The fourth is the rise of euroscepticism and the growing politicisation of the EU, demonstrated most recently in the results of the 2019 elections to the European Parliament, in which around a third of seats went to eurosceptic parties.

These parties have their own views of what Europe’s foreign policy priorities should be, and they diverge from the prevailing liberal consensus on questions of development aid, transatlantic relations, dealing with Russia, migration, and enlargement. Moreover, they are none too keen on European integration, and especially keen to prevent any incursions of supranationalism into military and defence matters.
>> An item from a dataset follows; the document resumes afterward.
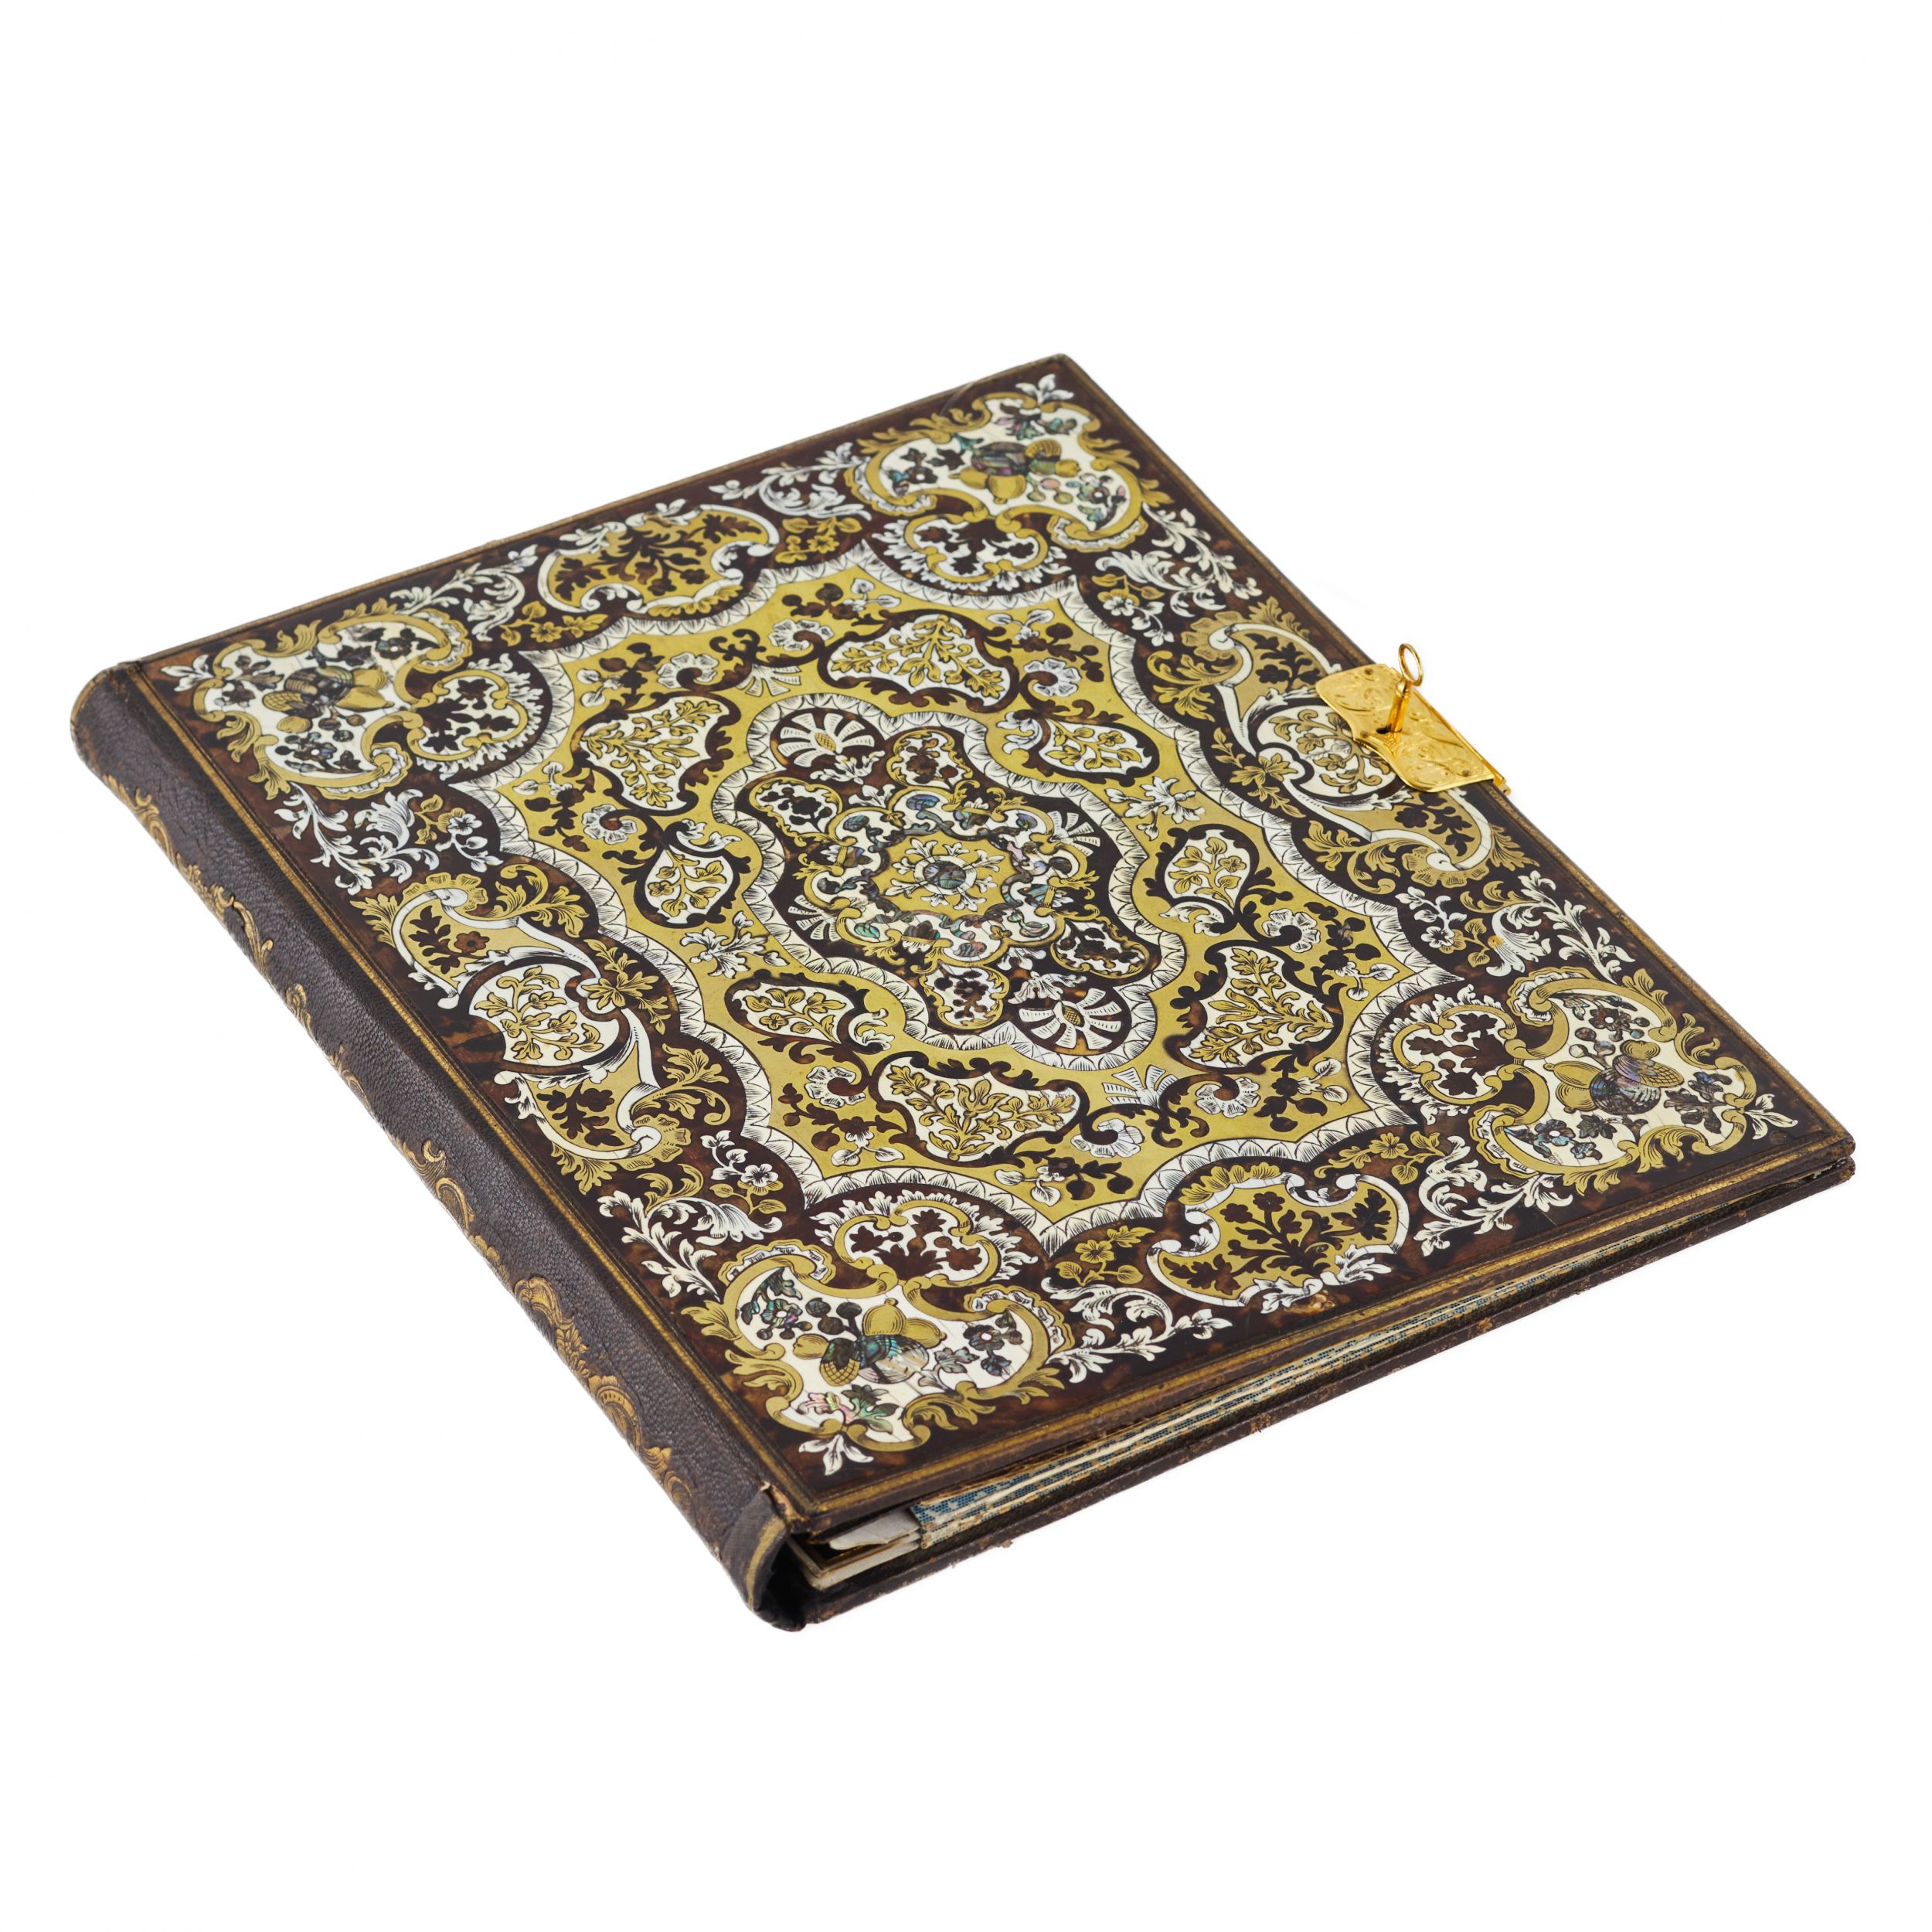 Address-folder-in-Boulle-style-France-19th-20th-century

It is true that many European populist parties are neither committed to withdrawal nor keen to mention Brexit, since it has become a by-word for political crisis on the continent. But this does not mean they are not closely watching the UK example to see what the outcome is, nor that they have any more love for the EU. The re-politicisation of foreign policy in Europe is a recent phenomenon, of which Brexit is but one manifestation, and it may well impose important strictures in the years to come on EU security and defence initiatives.

Calibrating capabilities and expectations

Is Brexit a golden opportunity for EU security and defence initiatives? Maybe. But we will only know for sure when the initiatives of 2016-18 are better developed than they are now, and their success will depend on the EU overcoming not only pre-existing limitations to successful collaboration in this area but also a host of new challenges introduced by the Brexit vote, including gaps in capabilities and growing the increasing politicisation.

This is not to undermine the importance of these initiatives, simply to caution against overblown rhetoric, to which the Brexit moment appears to lend itself. As Monika Sus and I claim in an upcoming article, if political rhetoric about the EU becoming a serious security and defence actor is not reined in by the realities of the task ahead then there is a real risk that the capabilities-expectations gap identified in the 1990s will be re-opened. The damage to the EU’s credibility in this case would be significant.